Furthermore, with the huge amounts of money being spent to influence elections, it is inevitable that someone will attempt to rig the outcome by an intentional programming error.

A reasonable safeguard against both honest errors and fraud would be to require a printout by which people could verify that their votes were recorded as intended. 

Collecting those printouts in a secure ballot box at each polling place would assure the availability of a paper record if the accuracy of the electronic count were in doubt. Some states already have such a requirement. Pennsylvania should adopt one, too.

Fourth, the most aggravating part of the election for most voters was the seemingly unending television ads, mailings and automated telephone calls. Because of U.S. Supreme Court decisions, Congress and the state legislatures lack the legal authority to prohibit unlimited campaign spending by the super-rich and the special interests.

However, there is hope for relief. Congress should plug the loophole in the national Do-Not-Call Registry to allow voters to block political robocalls.

Congress should also force special interest groups to disclose their true identity in the campaign material they circulate.

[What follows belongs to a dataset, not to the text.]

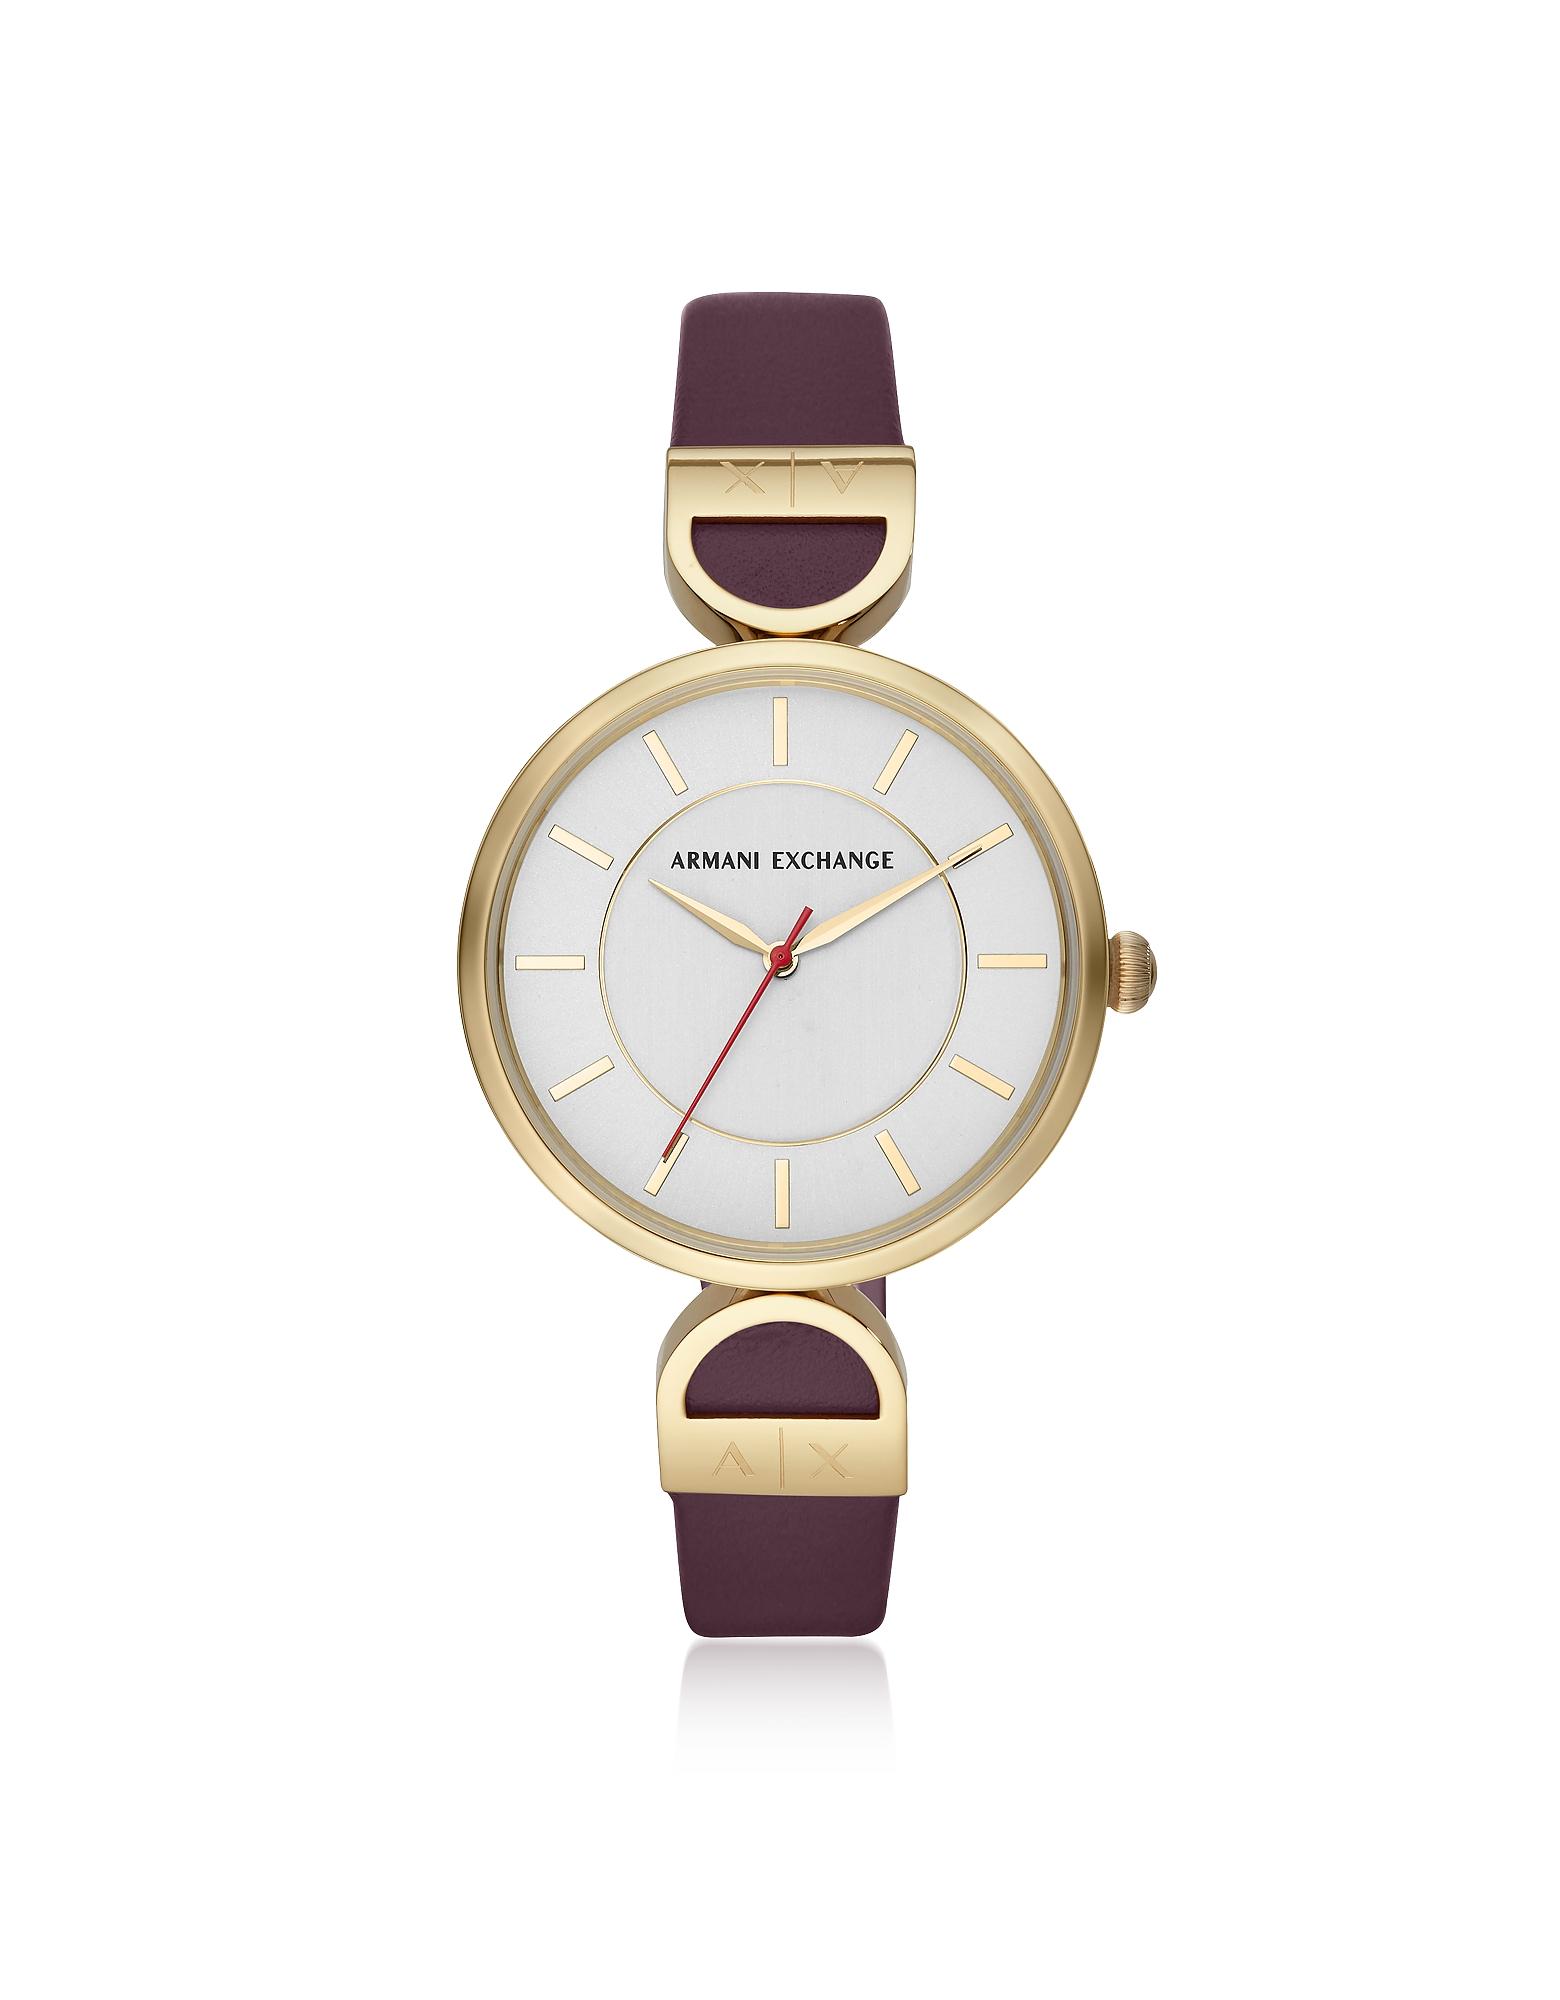 Armani Exchange Women's Watches, Brooke Gold Tone Aubergine Women's Watch
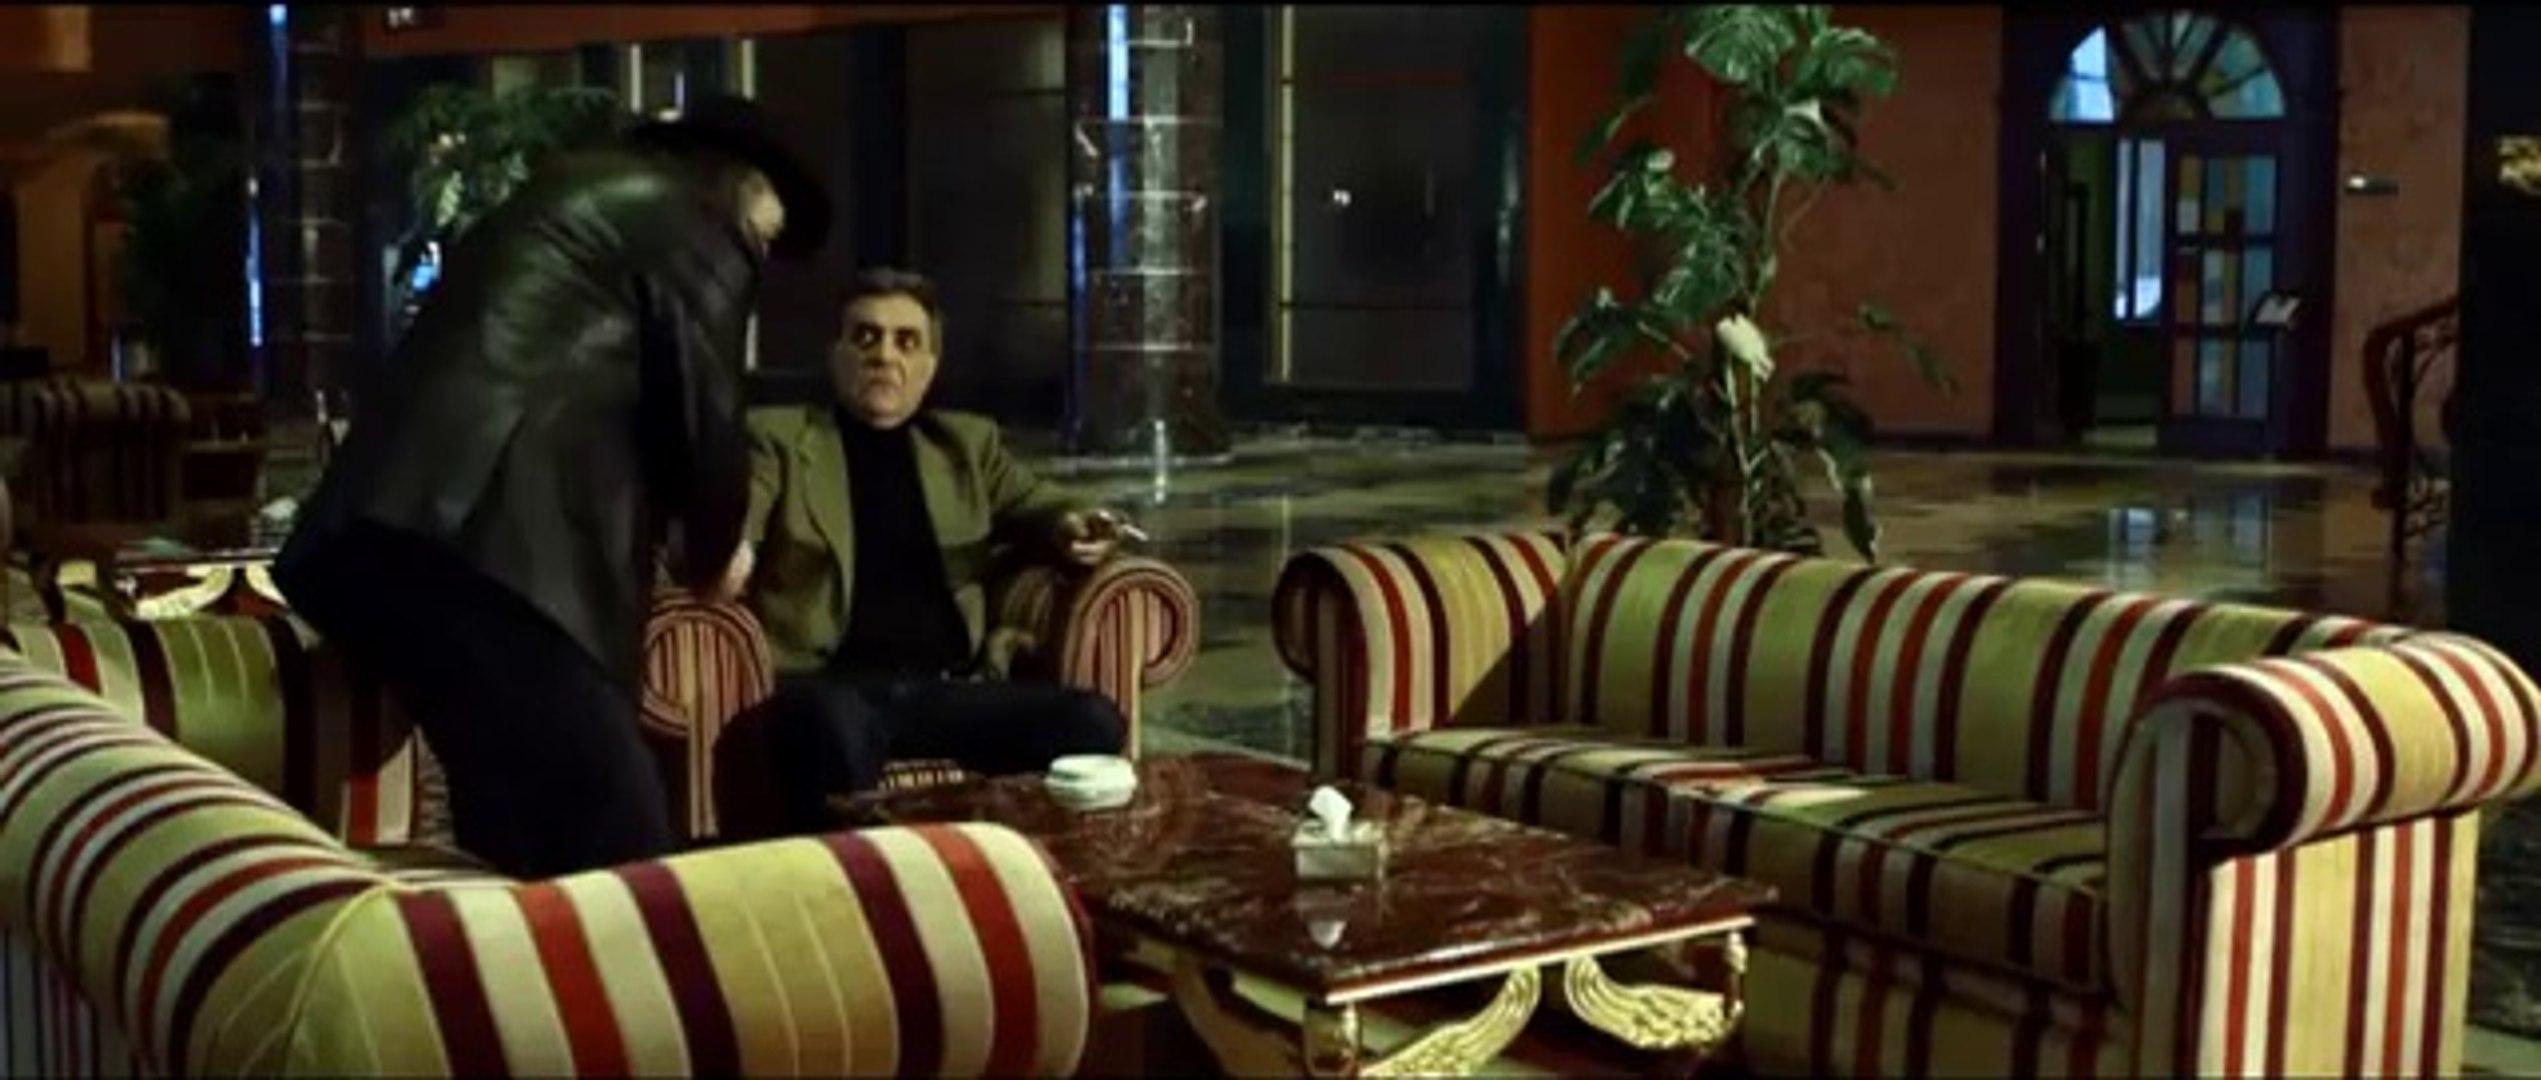 Смотреть онлайн армянский сериал Xaghic durs_6

When the Chamber of Commerce or a labor union puts its name on an ad or a mailing, voters can evaluate the information with knowledge of the philosophy of the organization trying to influence their vote.

Unfortunately, that evaluation is much more difficult when the sponsor hides behind some innocent-sounding name such as American Crossroads or Americans for Prosperity.

Making changes in election laws is always a challenge because each party tries to protect those rules that provide it with an advan-  tage.

Therefore, the best chance of overcoming partisan scheming is to act in 2013, when the complaints from 2012 are still fresh in voters’ minds and there is less certainty about whether a proposed reform would help, or hurt, a particular party or candidate in 2016.

 

William Lloyd of Somerset represented Somerset County in the state House of Representatives (1981-1998) and served as the state’s small business advocate (November 2003-October 2011). He writes a monthly column for The Tribune-Democrat.